Title: The Impact of CEO Turnover on Firm Performance around Interim Successions (Fee or subscription required)
Authors: Vincent J. Intintoli (Southern Illinois University, Carbondale), Andrew Zhang (University of Nevada, Las Vegas), and Wallace N. Davidson III (Southern Illinois University, Carbondale)
Publisher: Journal of Management and Governance
Date Published: December 2012 online; forthcoming in print
When a CEO steps down, most boards move quickly to hire a permanent replacement. But sometimes it makes more sense to name an interim successor, to give directors extra time to take stock of alternative candidates. It’s a risky move, though. Previous research has generally found that investors regard an interim appointment as a signal of failure by the board in its succession planning. Indeed, the few studies that have examined this scenario have suggested that firm performance is lower following an interim appointment than it is following a permanent hire.
However, it’s not quite as simple as that, according to this paper, which explores the reasons surrounding the predecessor’s decision to step down—specifically, whether it was a voluntary move, such as retirement, or whether the CEO was forced to depart as a result of board or shareholder pressure. Contrary to popular thought, the authors found that underperformance by interim CEOs was almost always restricted to cases involving a voluntary turnover—and that those cases were few in number.
In the study’s sample, nearly three out of four interim appointments came in the wake of forced CEO turnovers. In fact, interim successors were named in only 2.9 percent of the turnovers that involved a voluntary departure.
The authors based their findings on an analysis of turnovers from 1984 to 2007, using Forbes magazine’s annual compensation surveys of the largest 500 firms in the United States and information on S&P 1500 companies from the ExecuComp database. Consistent with prior research, the authors excluded turnovers related to mergers and acquisitions as well as interim successions that lasted less than 45 days. Overall, the sample consisted of 1,626 turnovers with 130 interim successions. Of the 1,626 turnovers, 1,275 were voluntary and 351 were forced; interim appointees were named in 37 voluntary cases and in 93 forced turnovers.
Accounts of departures were gleaned from database information and media reports. Voluntary turnovers were defined as those following a retirement or what the researchers called a surprise event—for example, when the CEO left to take another job, died, or stepped down for health reasons. Forced departures resulted from pressure applied by the board or founding family, or after the company was discovered to be involved in illegal activity or was embroiled in prolonged litigation.
After analyzing quarterly earnings reports, return on assets, and Tobin’s Q (the ratio of a company’s market value to the total value of its assets), the authors found almost no evidence of poor performance when boards hired interim CEOs following forced departures. What’s more, the poor performance of interim CEOs following voluntary departures was limited to operational metrics, and didn’t carry over to stock market returns.
Interim successions “do not necessarily signal a lack of strategic planning on the part of the board of directors and may represent an optimal response to the [departure] of the predecessor in cases of forced turnover,” the authors write.
Previous research has shown that forced departures are more likely to result in a power struggle among the top executives who remain at the firm, which can make it difficult for boards to identify and appoint a permanent successor immediately.

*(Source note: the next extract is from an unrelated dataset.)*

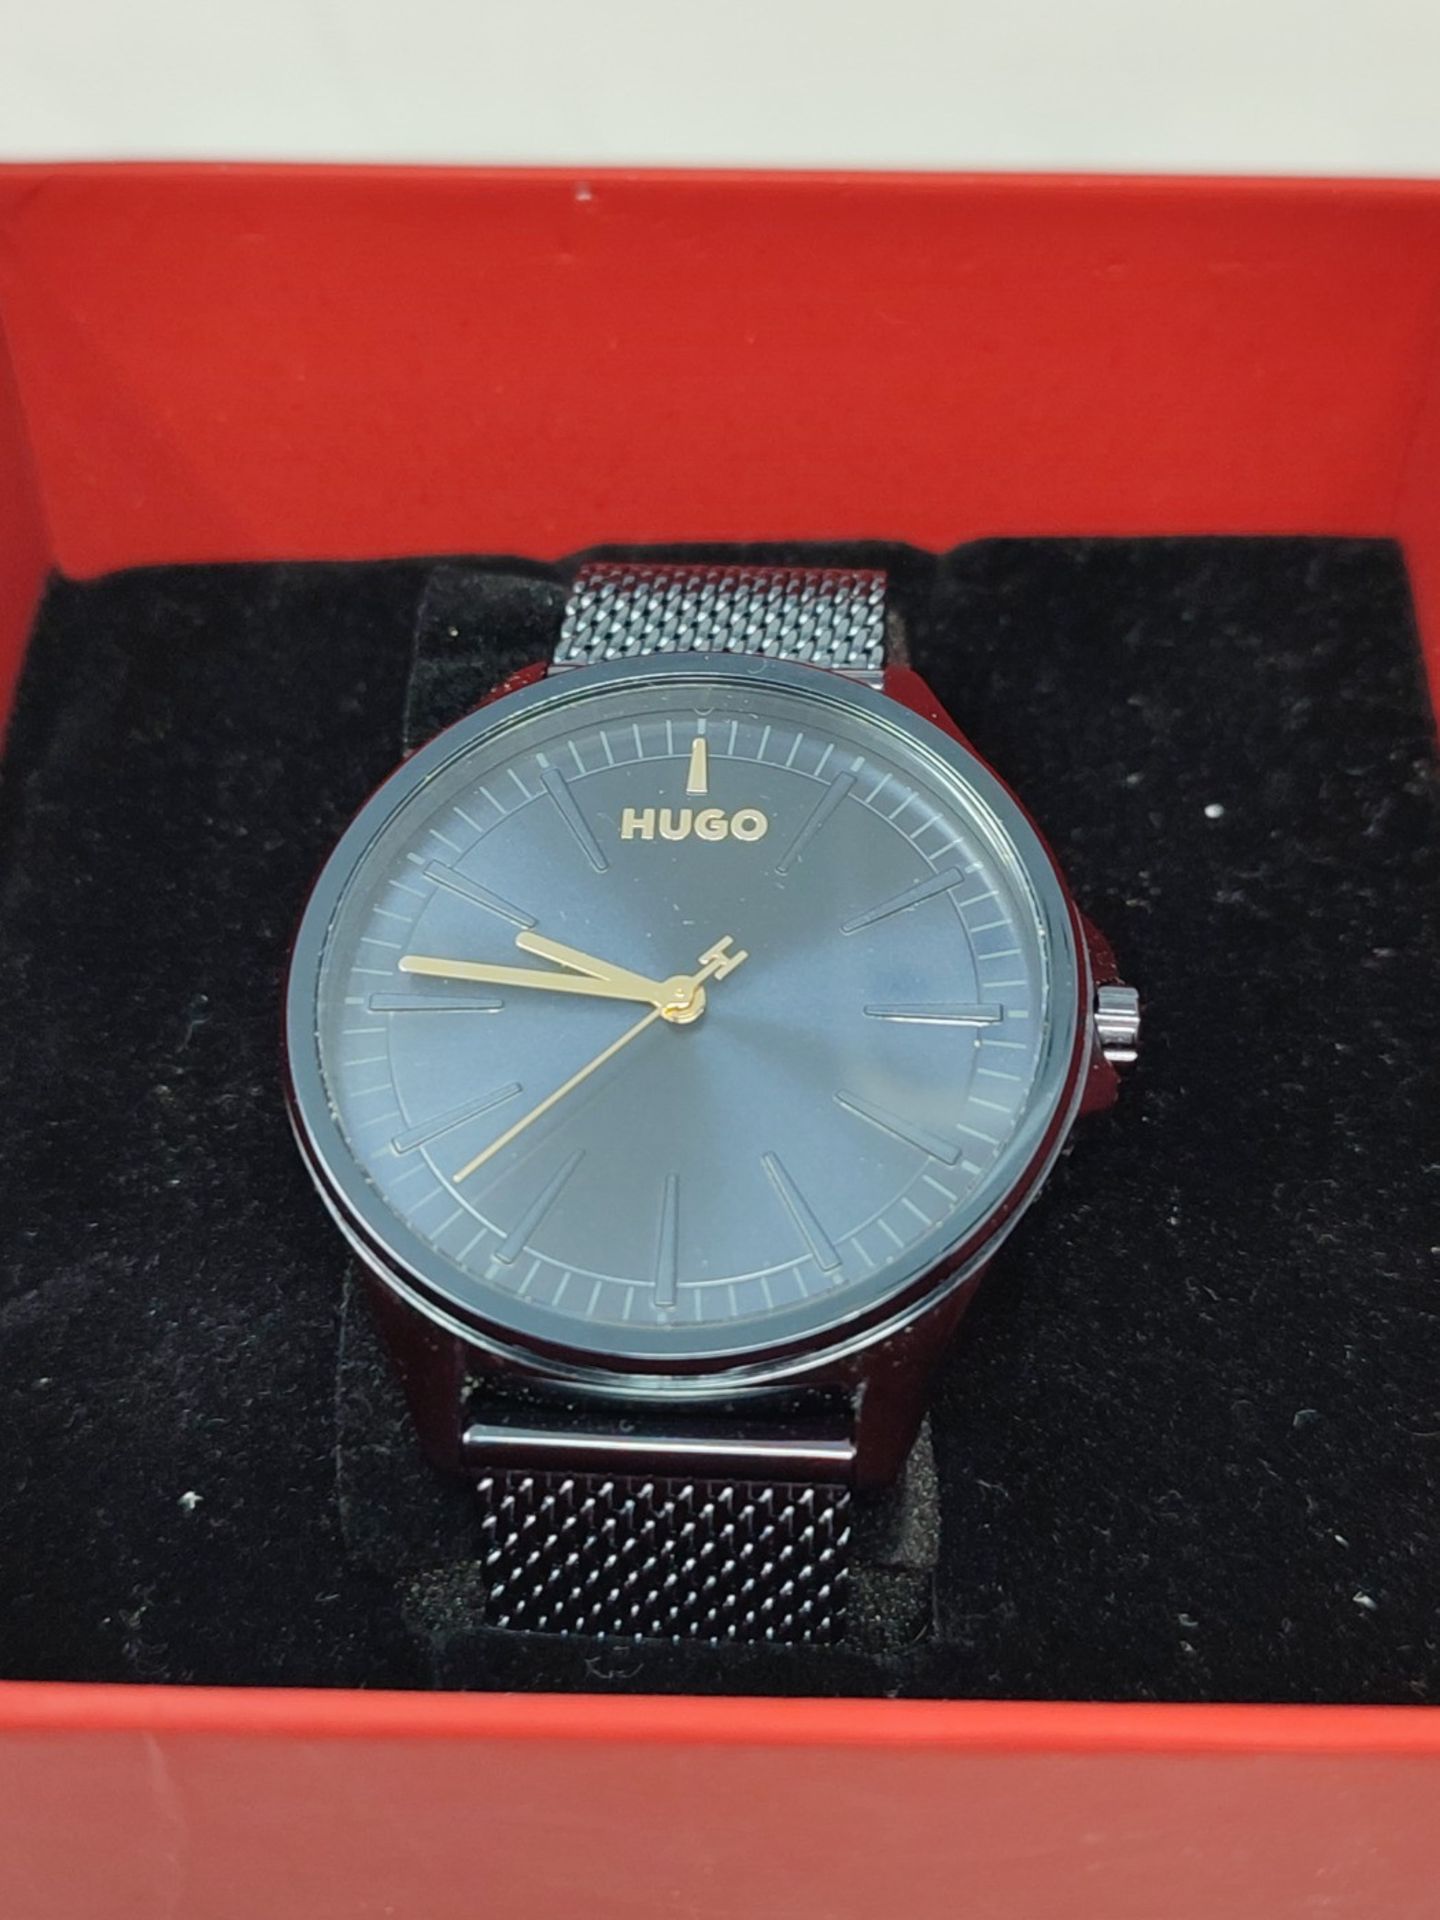 RRP £149.00 HUGO Men's Analogue Quartz Watch with Stainless Steel Strap 1530136 - Image 3 of 3

An extended search process, therefore, could be beneficial in letting the executive suite settle down and in turning the firm around.
Interim CEOs’ reputation for presiding over declines in firm performance is undeserved. Companies fare worse only in the event that an interim replacement is named following a voluntary departure. However, the majority of interim appointments follow forced departures, and those CEOs appear to have a steady enough hand to afford the board time to find a suitable permanent replacement.